Traffic, Sunlight and Mud Puddles

Sitting in traffic, I glance to my left and see water being reflected onto three thick, concrete pillars that hold up the highway overpass. It rained yesterday, and flashes of sunlight bounce along the top of large mud puddles in the construction zone. I am sitting in a long line of stopped cars waiting for a dump truck to move out of the way. But as I sit in my car, I am awed by the beauty of a simple reflection. The light bouncing off the puddles dances against the concrete with shimmering rainbows. Yellow, blue, green and orange sparkle against the gray concrete pillars as if they are illuminated by a disco ball half buried in the mud. The light is so bright the rainbow colors flash against the concrete of the highway far above me.

The dump truck finally moves and the road crew waves traffic forward. I’m actually sad that I need to move away from the spectacular light show under the overpass.

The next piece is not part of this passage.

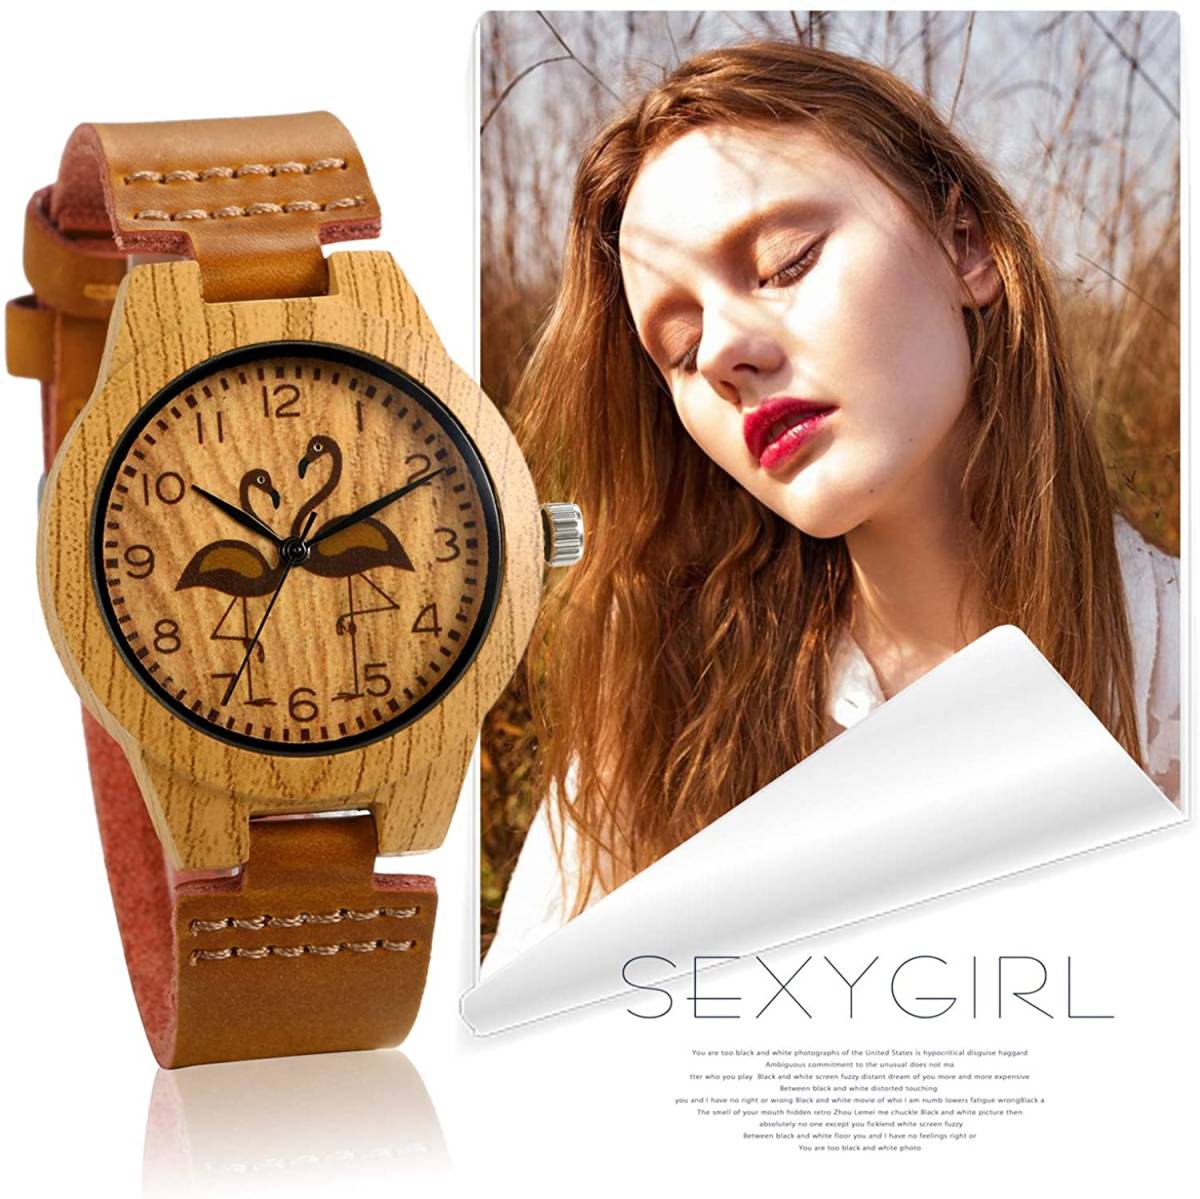    ... хороший  дизайн      наручные часы   кварцевый   коричневый   легкий (по весу)   водонепроницаемый   женский  ...  повседневный   часы   часы    антиквариат   женщина   подарок 
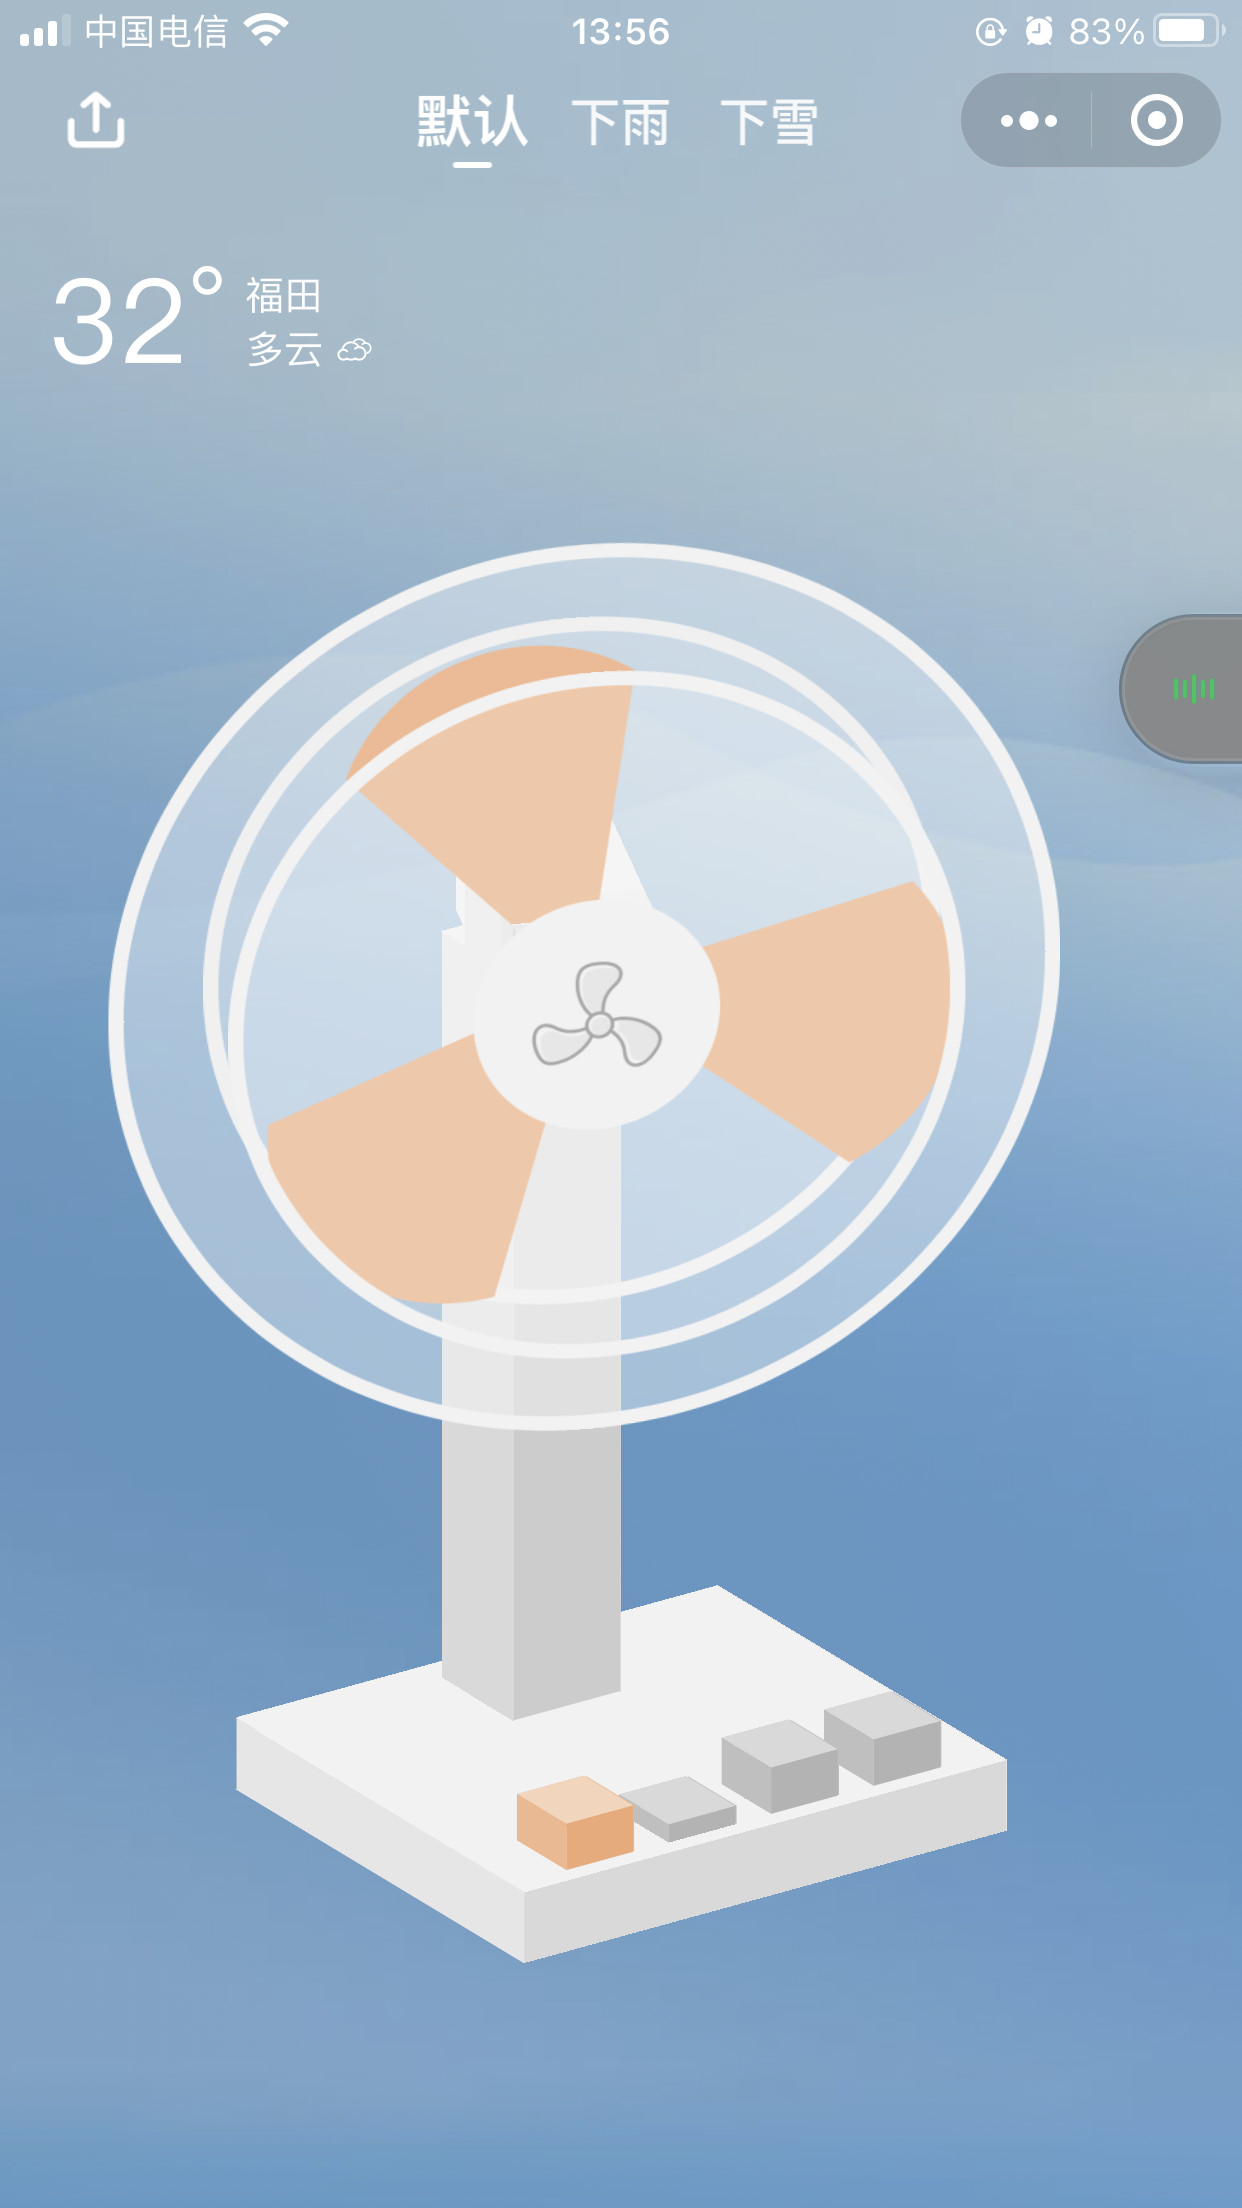 风扇模拟器_风扇模拟器小程序_风扇模拟器微信小程序

These are the moments my daughter has taught me to look for. I could have glared at the dump truck blocking the road and complained about the constant road construction that makes navigating traffic even harder. Instead, a flash of sunlight in a large mud puddle caught my attention and for several minutes I was transfixed by its simple beauty.

I can fixate on her illness, or I can focus on the joy she exudes every day, despite her struggles.

Focusing on joy and beauty doesn’t ignore the reality of illness, or of muddy dump trucks. They are both frustrating. But they are not the only reality.

Next to a traffic jam due to road construction, there is a light show created by sunlight and mud puddles.

Pay attention, or you’ll miss it.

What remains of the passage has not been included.